§ **WORK TO COMPLETE**: Could you transcribe all of the data exactly and skip any pictures?

§ **GIVEN INFORMATION**:
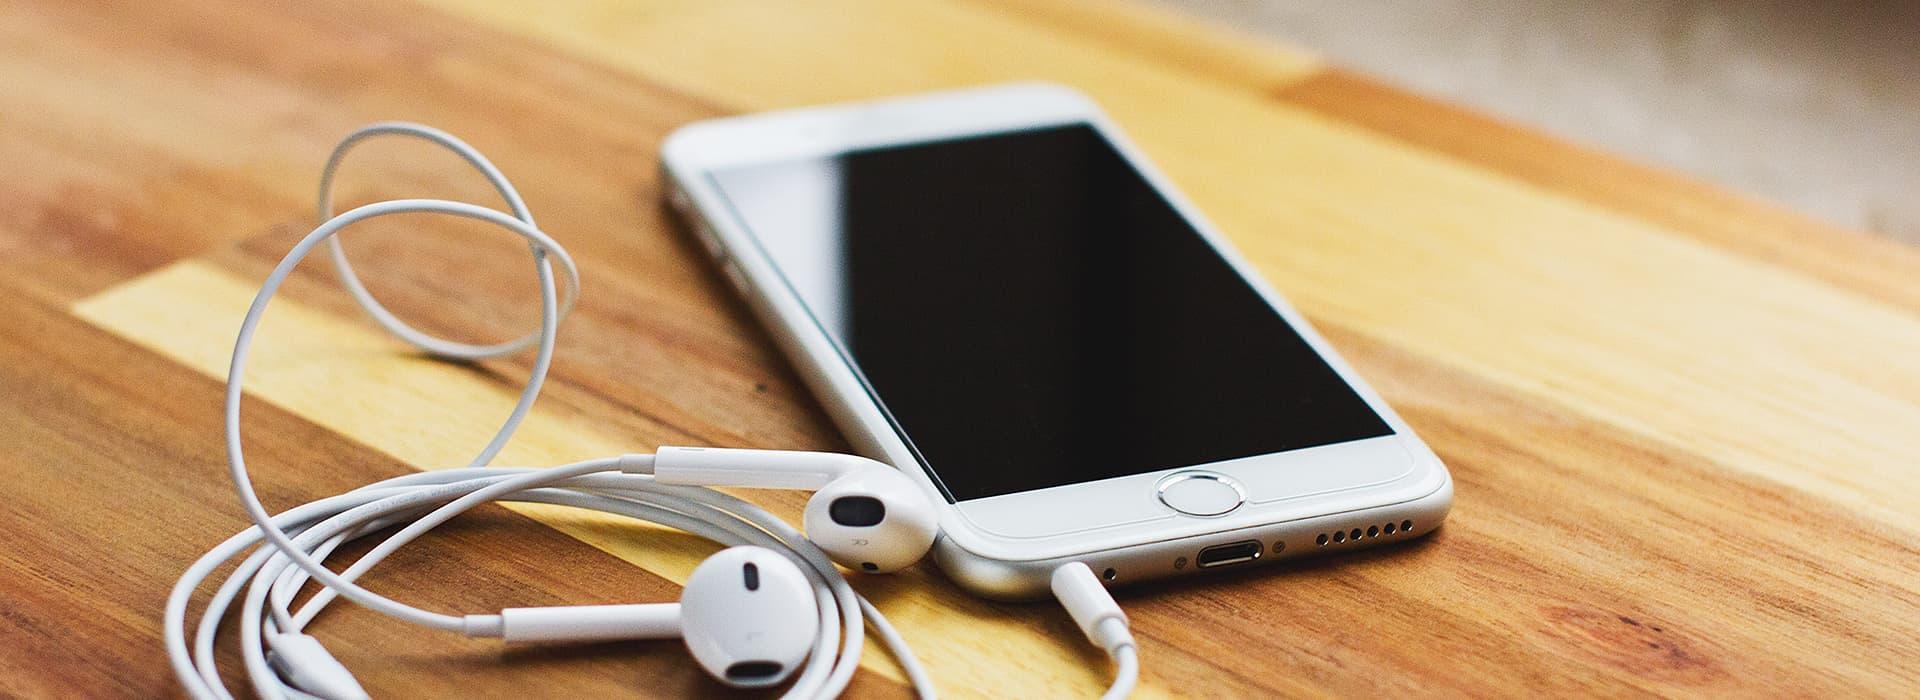 Audiosendungen
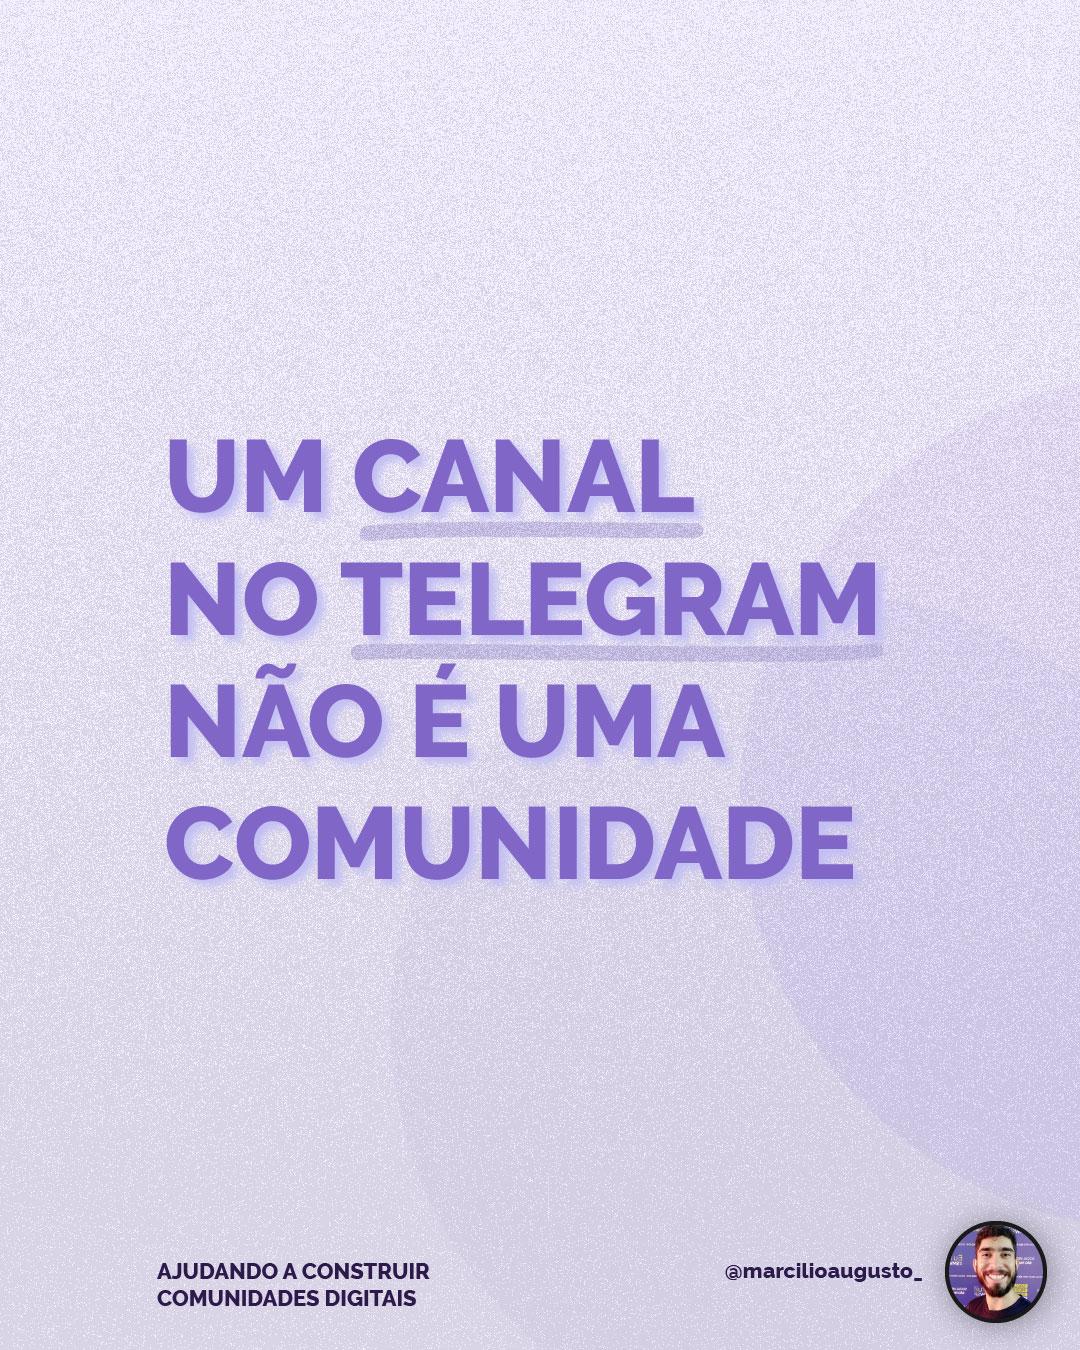 Um canal no telegram não é uma comunidade
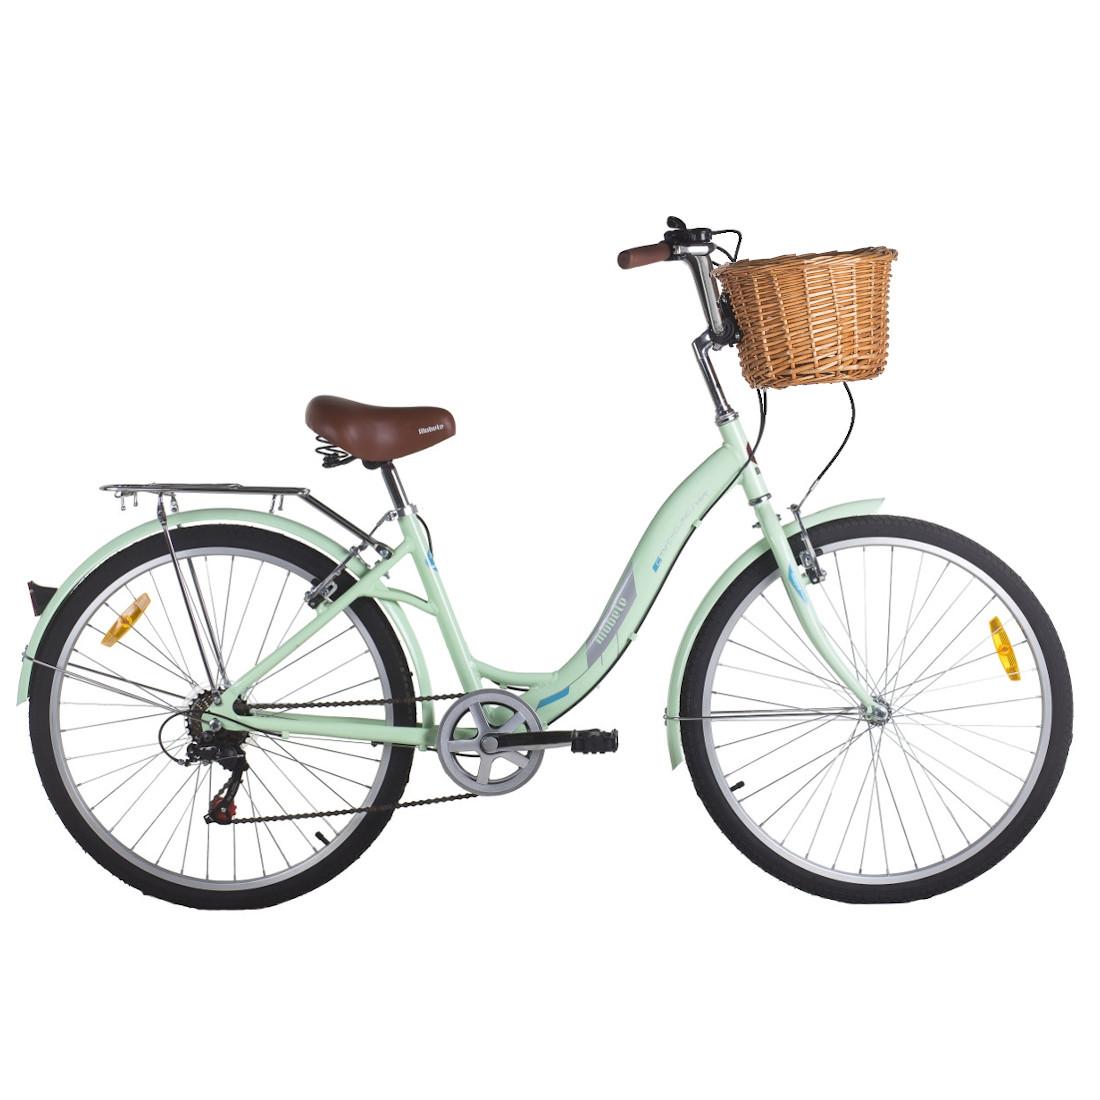 Bicicleta Vintage Retrô Aro 26 7V Verde Hit City Mobele com Cestinha
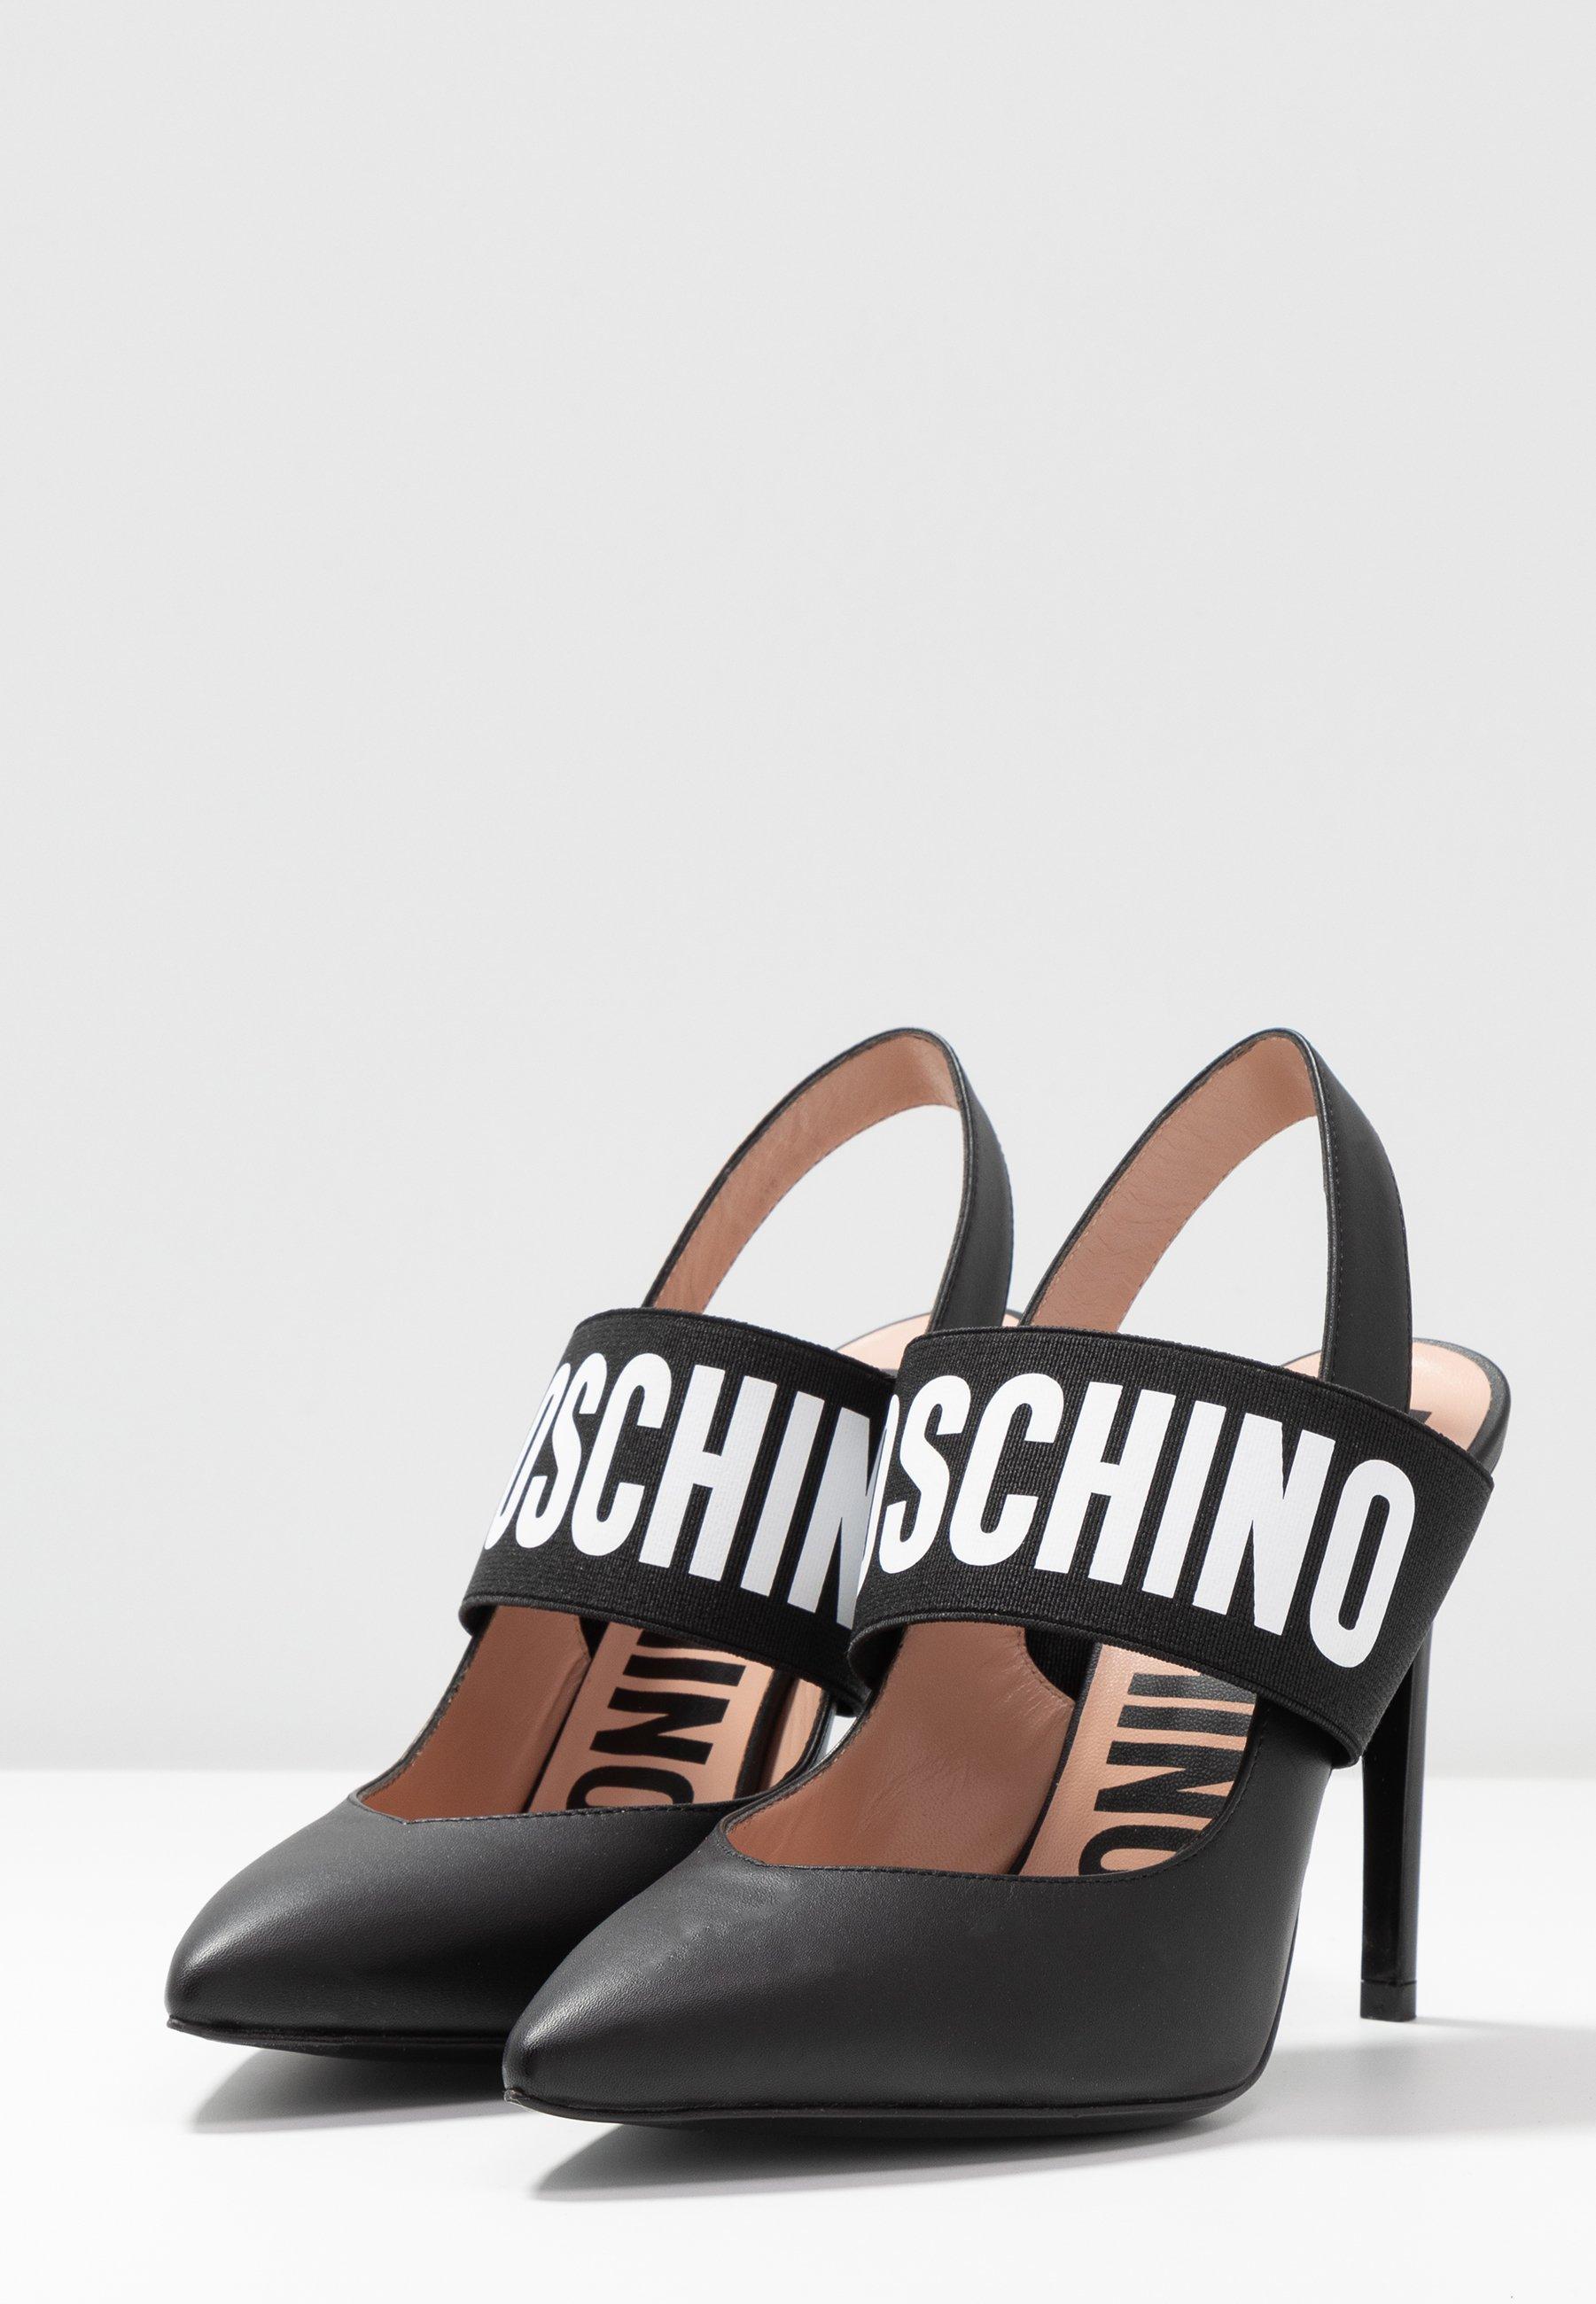 MOSCHINO Escarpins à talons hauts - nero - Chaussures à talons femme Classique

§ **SOLUTION TO THE PROBLEM**:
 Audiosendungen
 Um canal no telegram não é uma comunidade
 Bicicleta Vintage Retrô Aro 26 7V Verde Hit City Mobele com Cestinha
 MOSCHINO Escarpins à talons hauts - nero - Chaussures à talons femme Classique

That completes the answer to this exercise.